── PROVIDED MATERIAL

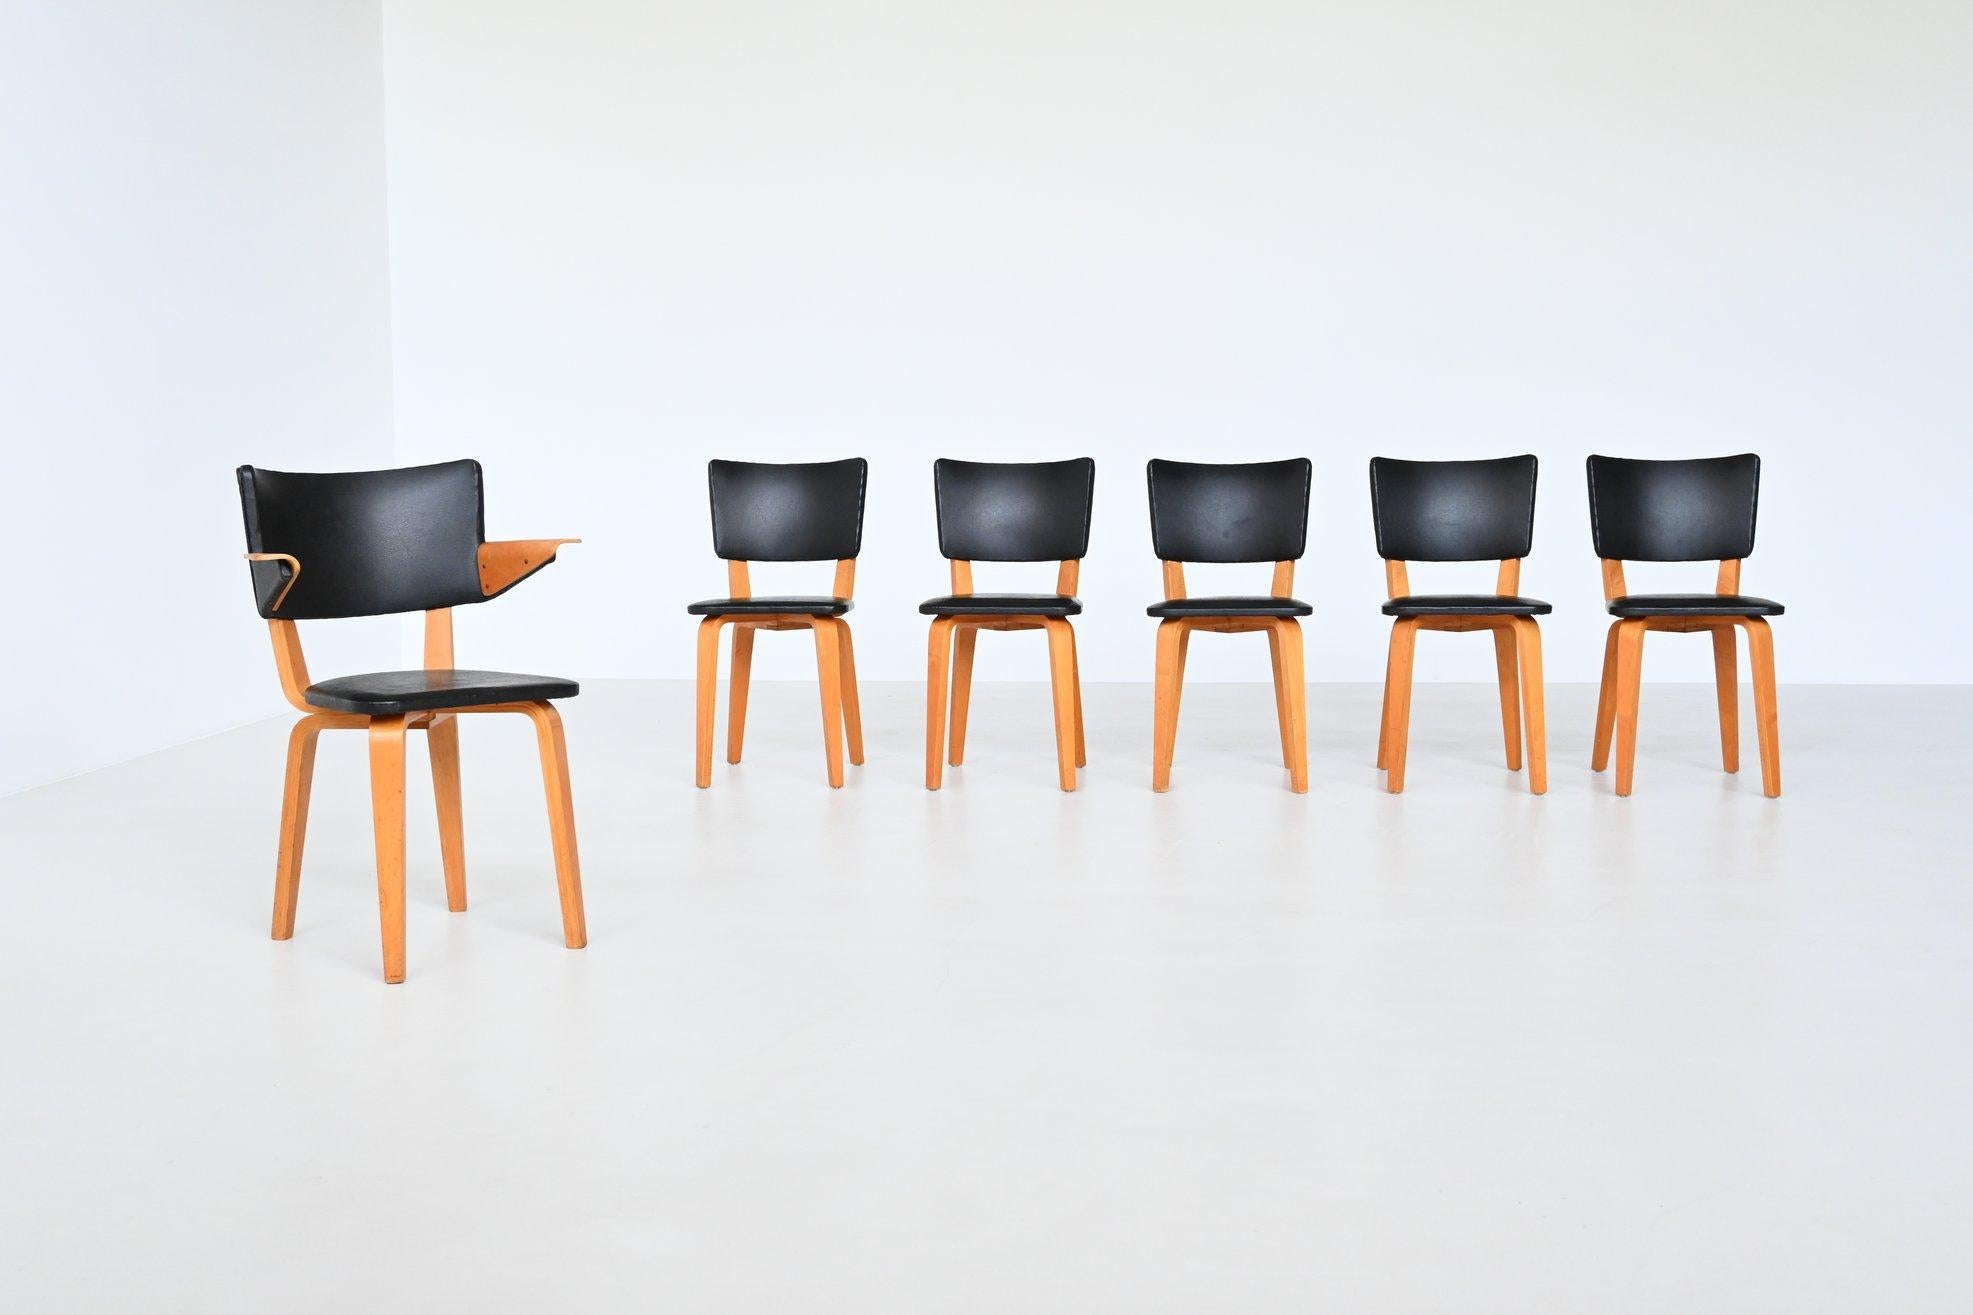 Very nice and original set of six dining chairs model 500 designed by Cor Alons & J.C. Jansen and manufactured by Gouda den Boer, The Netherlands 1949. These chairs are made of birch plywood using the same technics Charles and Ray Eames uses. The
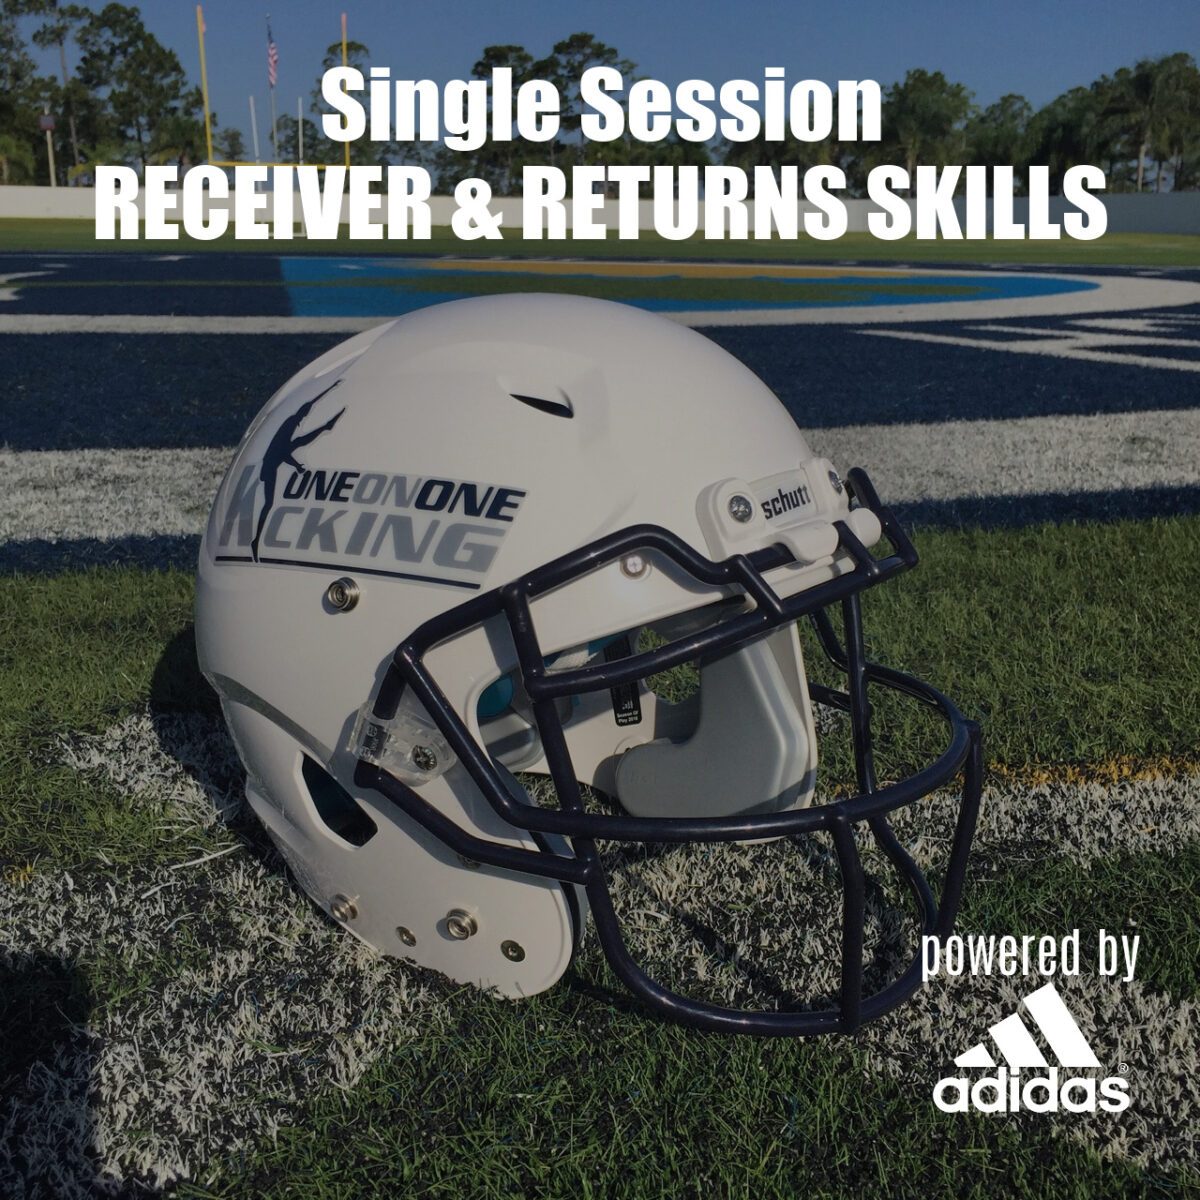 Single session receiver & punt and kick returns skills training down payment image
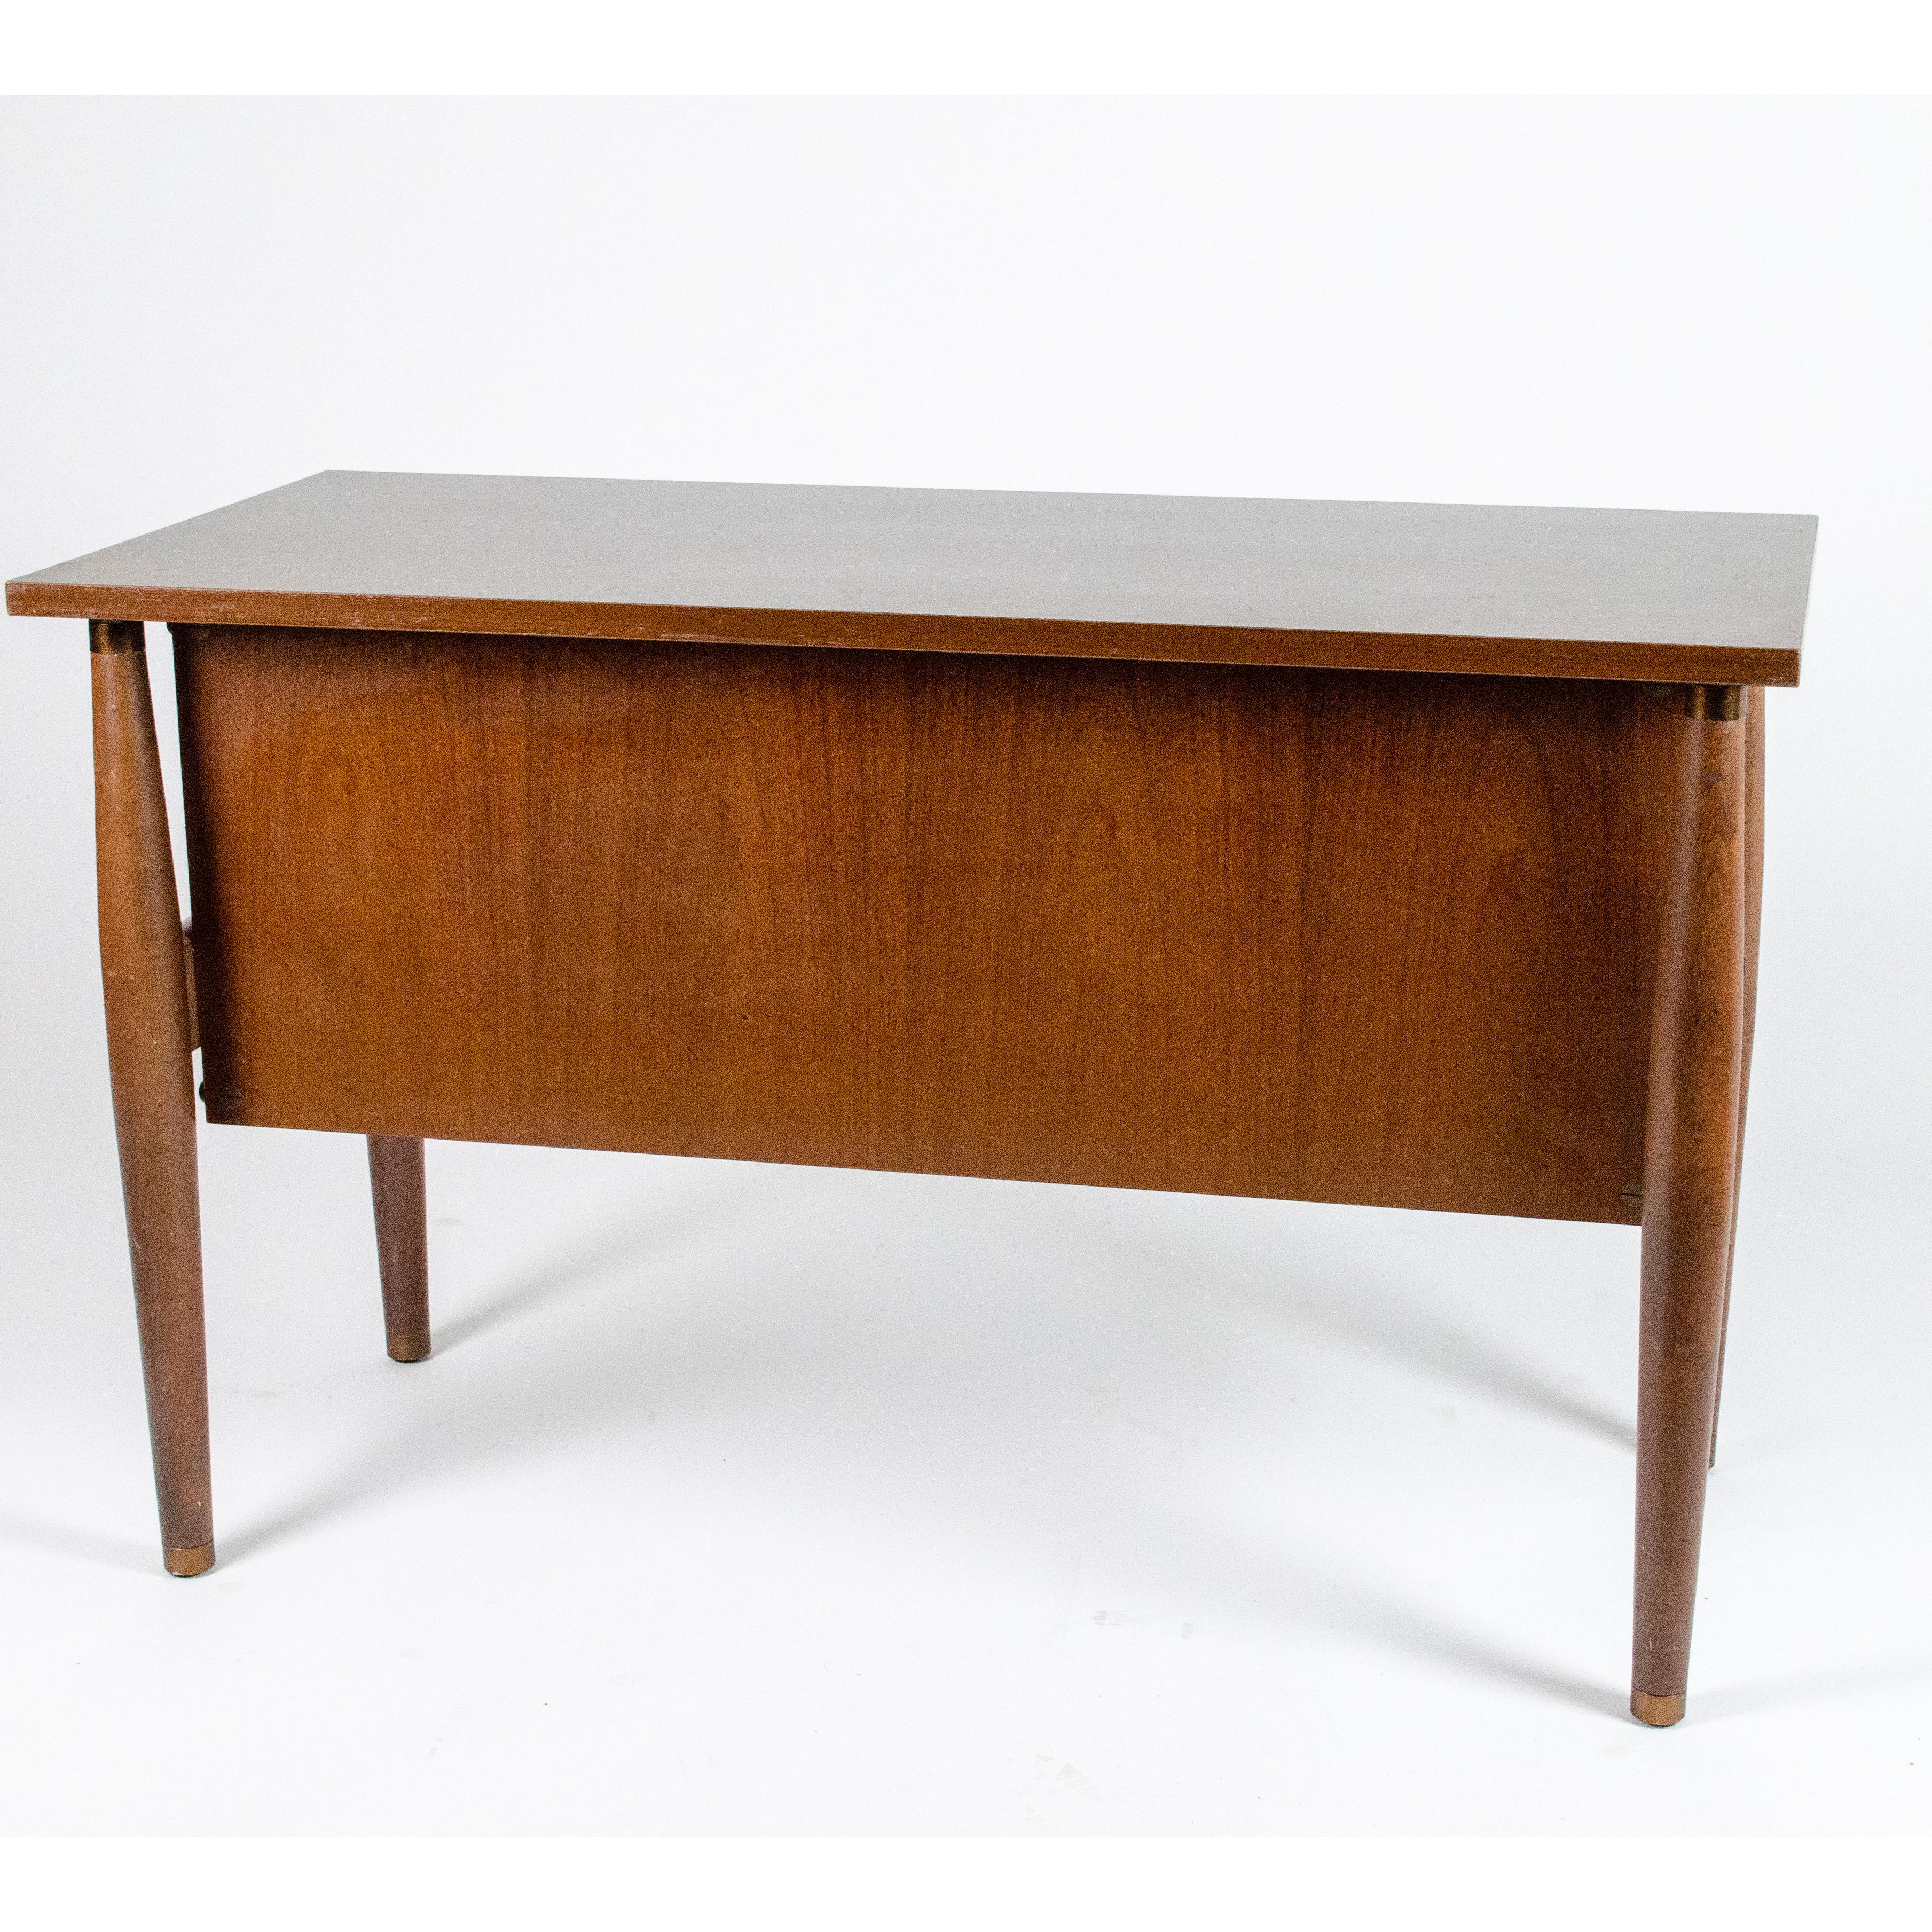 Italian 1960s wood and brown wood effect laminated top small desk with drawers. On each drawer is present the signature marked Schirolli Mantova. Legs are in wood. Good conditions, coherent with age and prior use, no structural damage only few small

────

**AIM OF THE EXERCISE:** Aside from its pictures, the listing must be given again in full, exactly as it appears.

**WRITTEN ANSWER:**
 Very nice and original set of six dining chairs model 500 designed by Cor Alons & J.C. Jansen and manufactured by Gouda den Boer, The Netherlands 1949. These chairs are made of birch plywood using the same technics Charles and Ray Eames uses. The
 Single session receiver & punt and kick returns skills training down payment image
 Italian 1960s wood and brown wood effect laminated top small desk with drawers. On each drawer is present the signature marked Schirolli Mantova. Legs are in wood. Good conditions, coherent with age and prior use, no structural damage only few small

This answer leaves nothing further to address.